Supplied information:
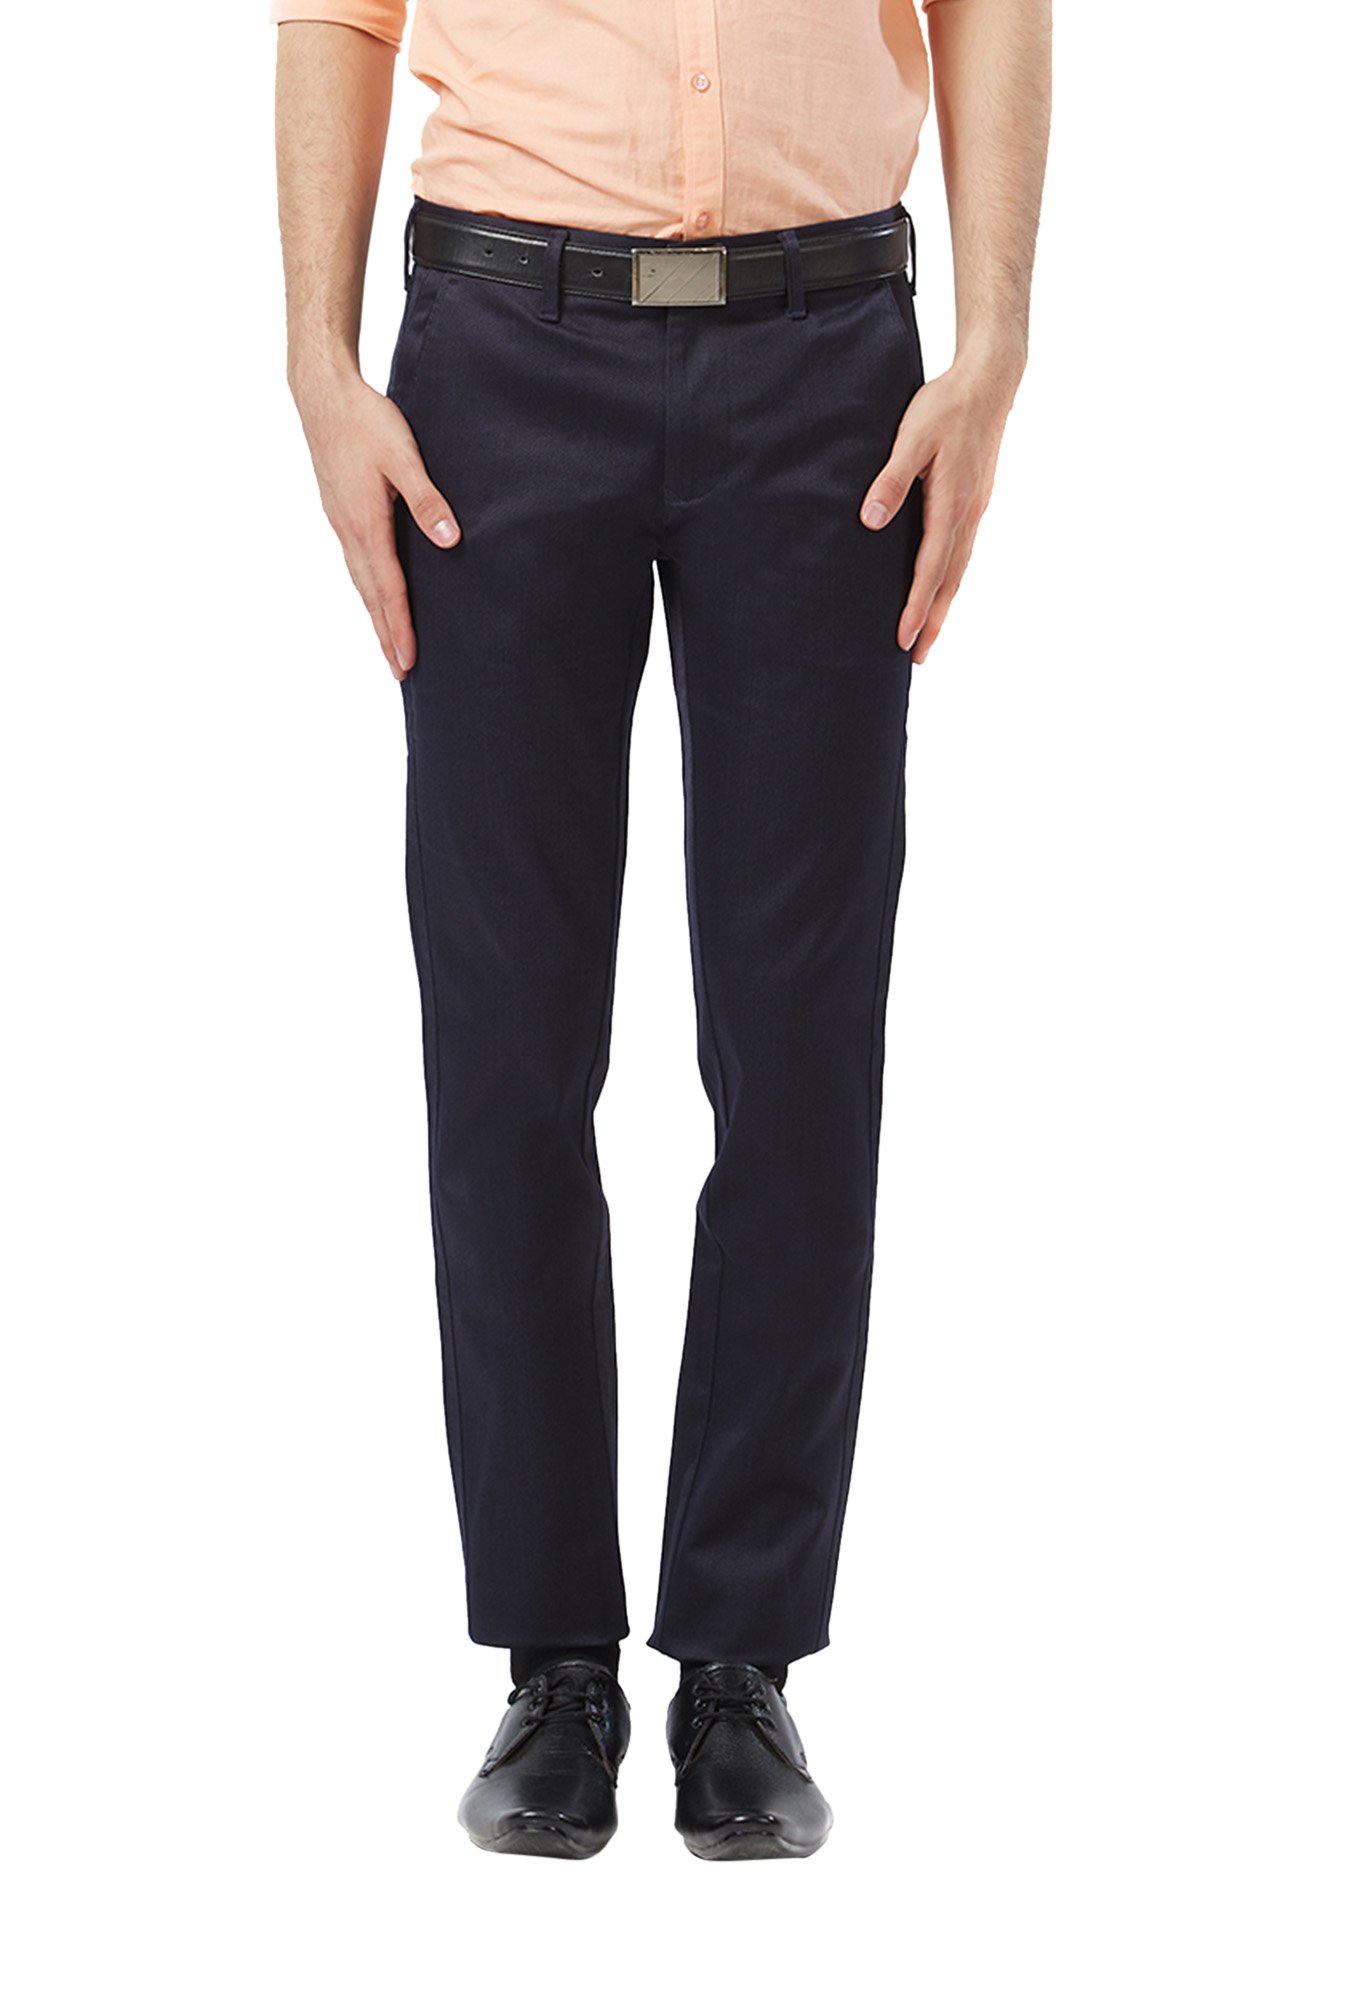 Buy MidRise Slim Fit FlatFront Trousers online  Looksgudin
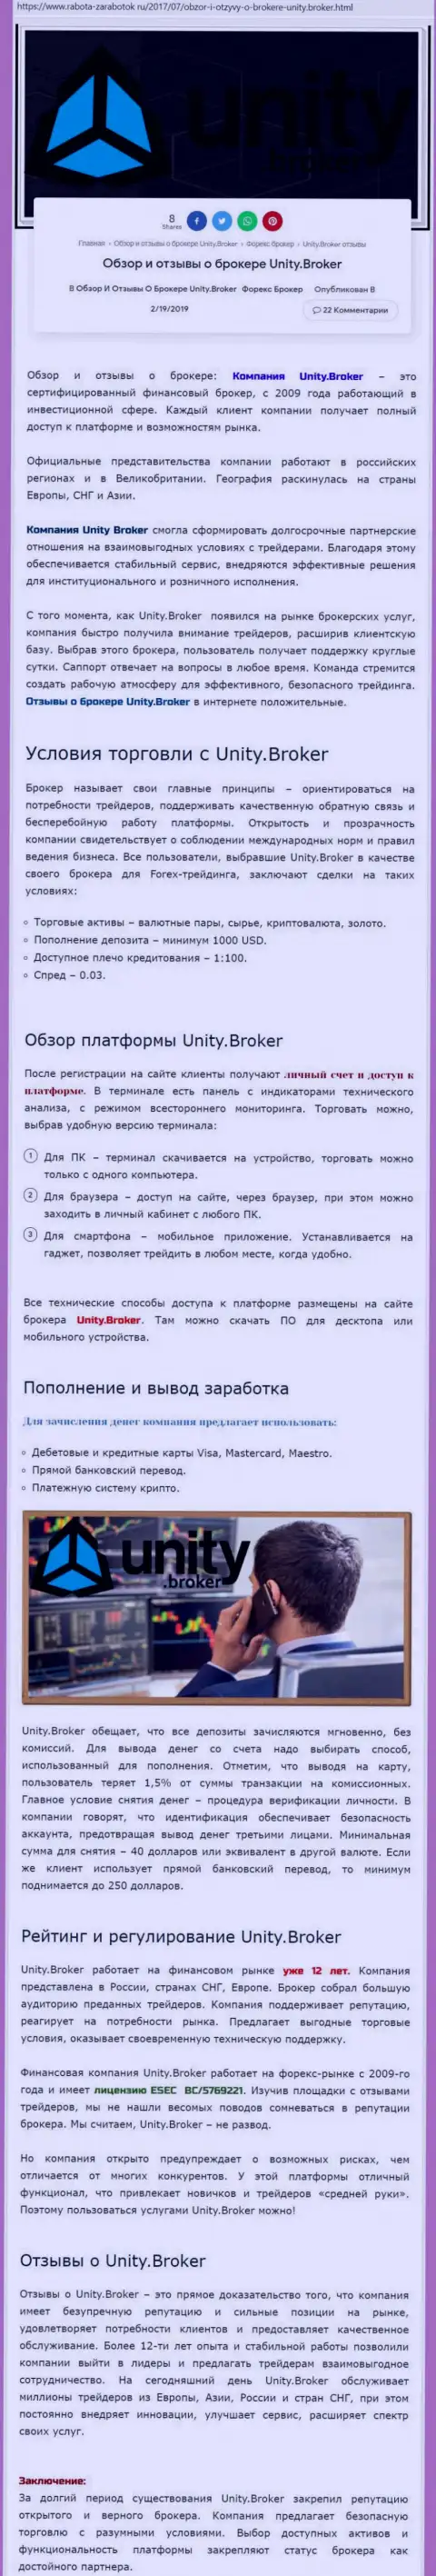 Обзорная инфа форекс брокера Unity Broker на интернет-сервисе rabota zarabotok ru
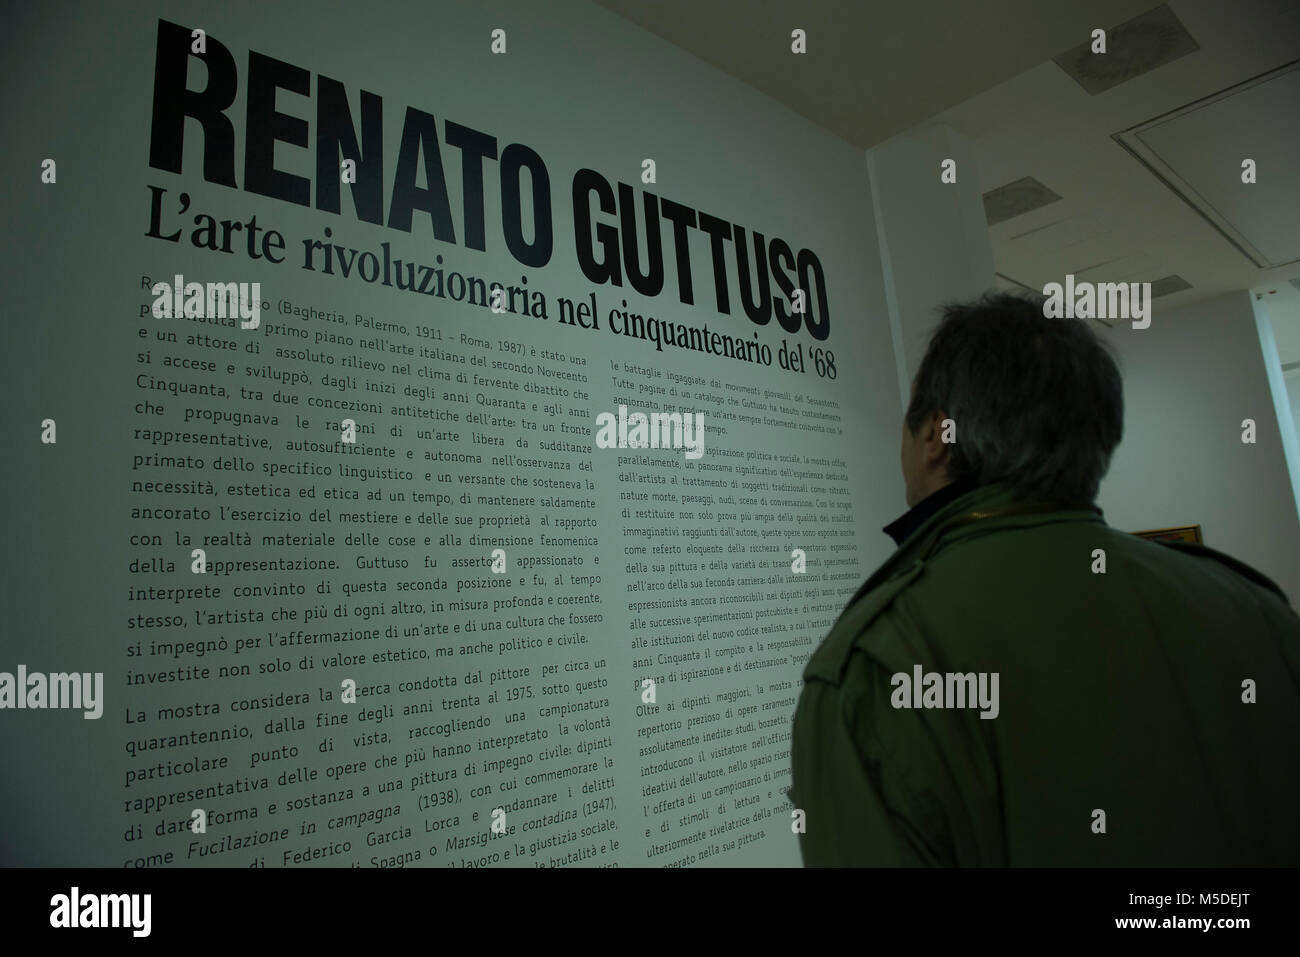 Turin, Piedmont, Italy. 22nd Feb, 2018. Turin, Italy-February 22, 2018: Renato Guttuso art exhibition at the GAM in Turin Credit: Stefano Guidi/ZUMA Wire/Alamy Live News Stock Photo
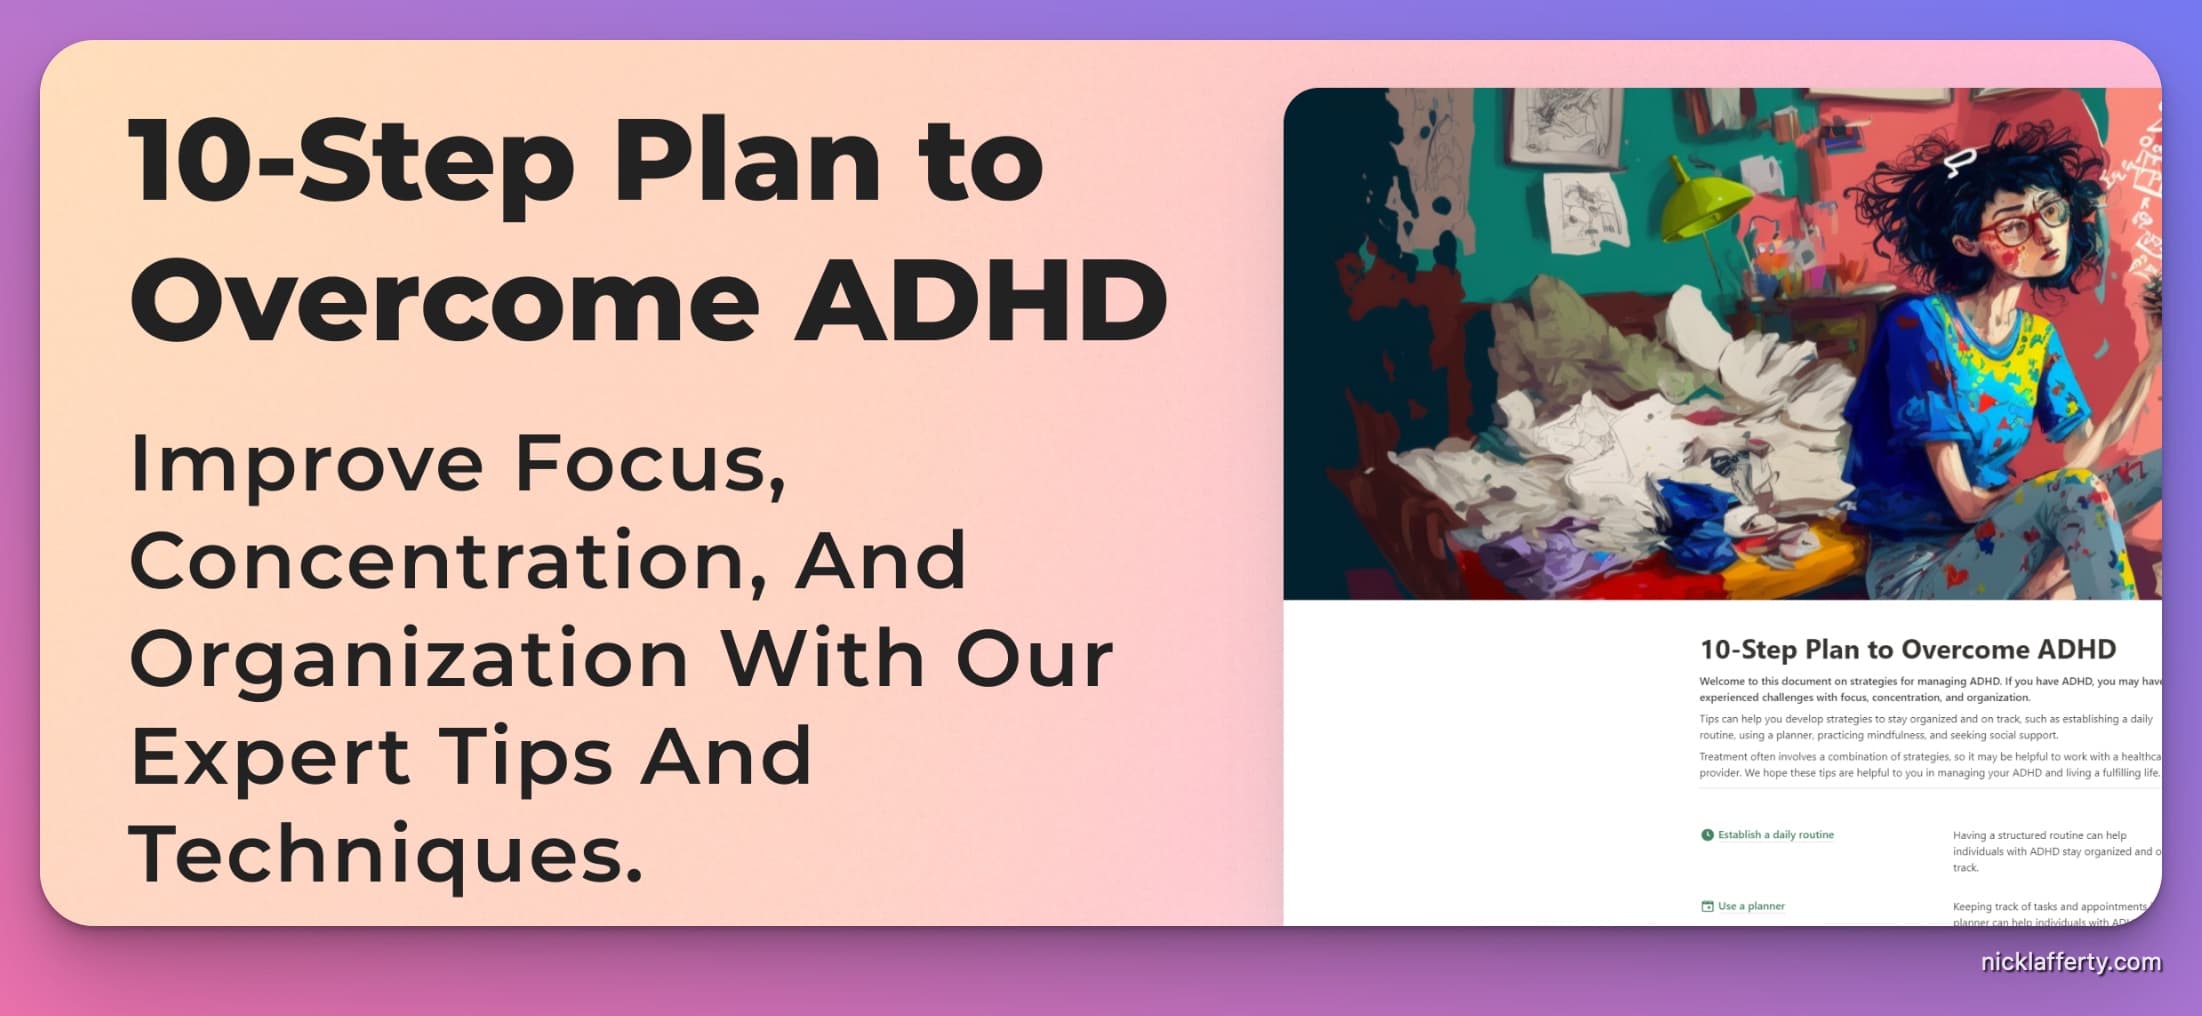 ADHD 10 Step Plan Template

Directions:
For the data above, return an exact copy that contains no pictures.

Answer below:
 Buy MidRise Slim Fit FlatFront Trousers online  Looksgudin
 Обзорная инфа форекс брокера Unity Broker на интернет-сервисе rabota zarabotok ru
 Turin, Piedmont, Italy. 22nd Feb, 2018. Turin, Italy-February 22, 2018: Renato Guttuso art exhibition at the GAM in Turin Credit: Stefano Guidi/ZUMA Wire/Alamy Live News Stock Photo
 ADHD 10 Step Plan Template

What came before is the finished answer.